Mohamed Kheznadji, l’un des maîtres incontestés de l’art andalou en Algérie, est décédé récemment, privant le pays d’une figure majeure de sa culture musicale et patrimoniale. Sa contribution à la sauvegarde et à la diffusion de cet art ancestral était largement reconnue.
Originaire d’Algérie, Mohamed Kheznadji s’est engagé dès son plus jeune âge dans l’univers de la musique andalouse, un genre musical qui tire ses racines des traditions andalouses médiévales importées en Afrique du Nord après l’exil des Maures. Ce style, caractérisé par ses modes mélodiques (maqams), ses textes poétiques et ses instruments spécifiques, est un pilier de la culture algérienne, notamment à Alger, Constantine et Tlemcen.

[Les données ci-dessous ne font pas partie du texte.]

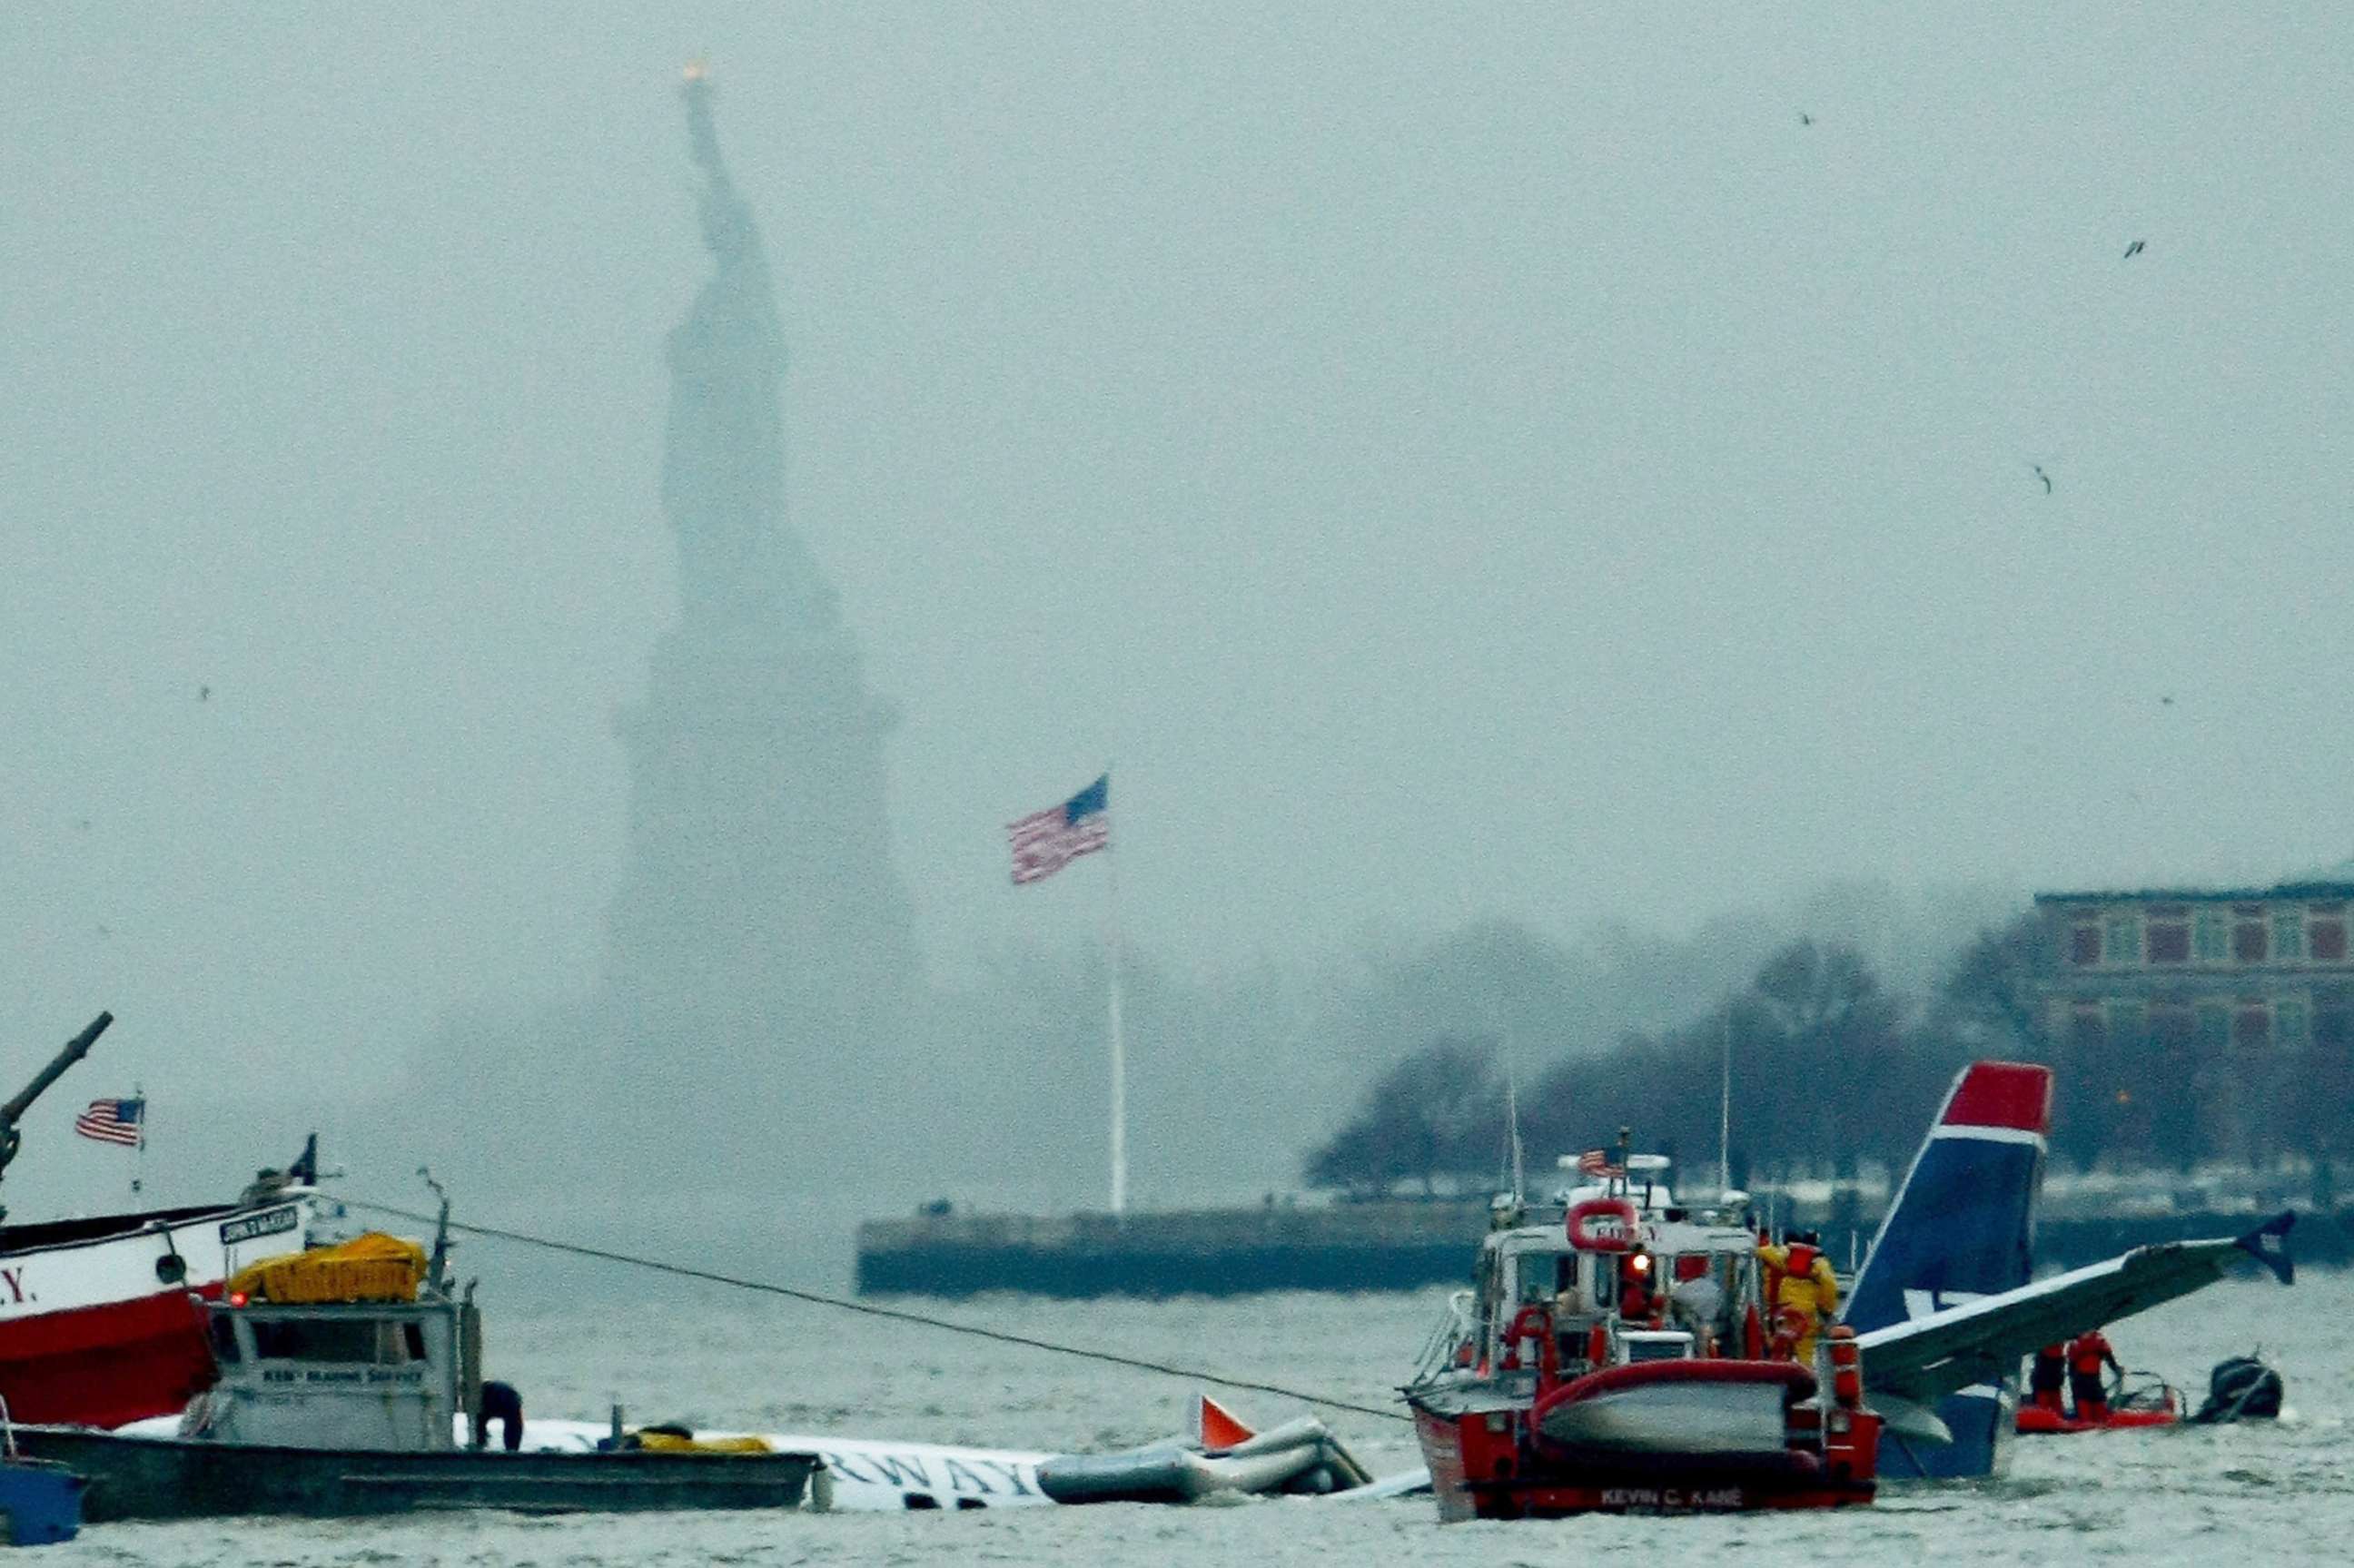 PHOTO: The statue of liberty stands in the background as rescue boats float next to a US Airways plane floating in the water after crashing into the Hudson River in New York, Jan. 15, 2009.

Kheznadji a consacré sa vie à l’interprétation et à l’enseignement de cette musique raffinée. Il a non seulement enrichi ce patrimoine, mais aussi œuvré à sa transmission aux nouvelles générations, s’inscrivant dans un mouvement plus large de valorisation de la richesse culturelle algérienne.
BON À SAVOIR
Histoire de l'Algérie. Pour les différentes significations de l'expression « Algérie française », voir Algérie française (expression). Algérie française
Son décès représente une perte lourde pour la communauté artistique et culturelle d’Algérie. L’art andalou, fortement ancré dans l’histoire maghrébine depuis plusieurs siècles, est un vecteur d’identité profondément attaché aux traces de la présence arabe et andalouse en Afrique du Nord. Préserver ce legs musical, c’est aussi préserver la mémoire historique et la diversité culturelle du continent africain.
Selon le média africanews.dz, Mohamed Kheznadji était considéré comme un véritable pilier de cet art, reconnu pour son expertise et son engagement.
L’art andalou en Algérie s’inscrit dans une tradition pluriséculaire née du brassage culturel entre l’Espagne musulmane et les terres nord-africaines. Ce patrimoine s’est enrichi au fil des siècles par la musique, la littérature et d’autres formes artistiques. Algérie, notamment les villes d’Alger et de Constantine, a conservé un riche héritage andalou qui fait partie intégrante de son identité culturelle actuelle.
Dans ce contexte, des artistes comme Mohamed Kheznadji jouent un rôle fondamental dans la pérennisation de ces traditions, souvent menacées par la modernité et la mondialisation.
La disparition de Mohamed Kheznadji invite à une réflexion plus globale sur la nécessité d’investir dans la sauvegarde et la promotion des arts traditionnels, vecteurs indispensables de la mémoire collective et de la cohésion sociale en Afrique. La musique andalouse, comme d’autres formes culturelles anciennes, mérite un soutien accru afin d’assurer sa survie et son rayonnement auprès des publics jeunes et internationaux.
À travers le parcours de Mohamed Kheznadji, c’est tout un pan de la richesse culturelle algérienne qui se révèle, et son legs artistique demeure une source d’inspiration pour les artistes et amateurs d’art andalou.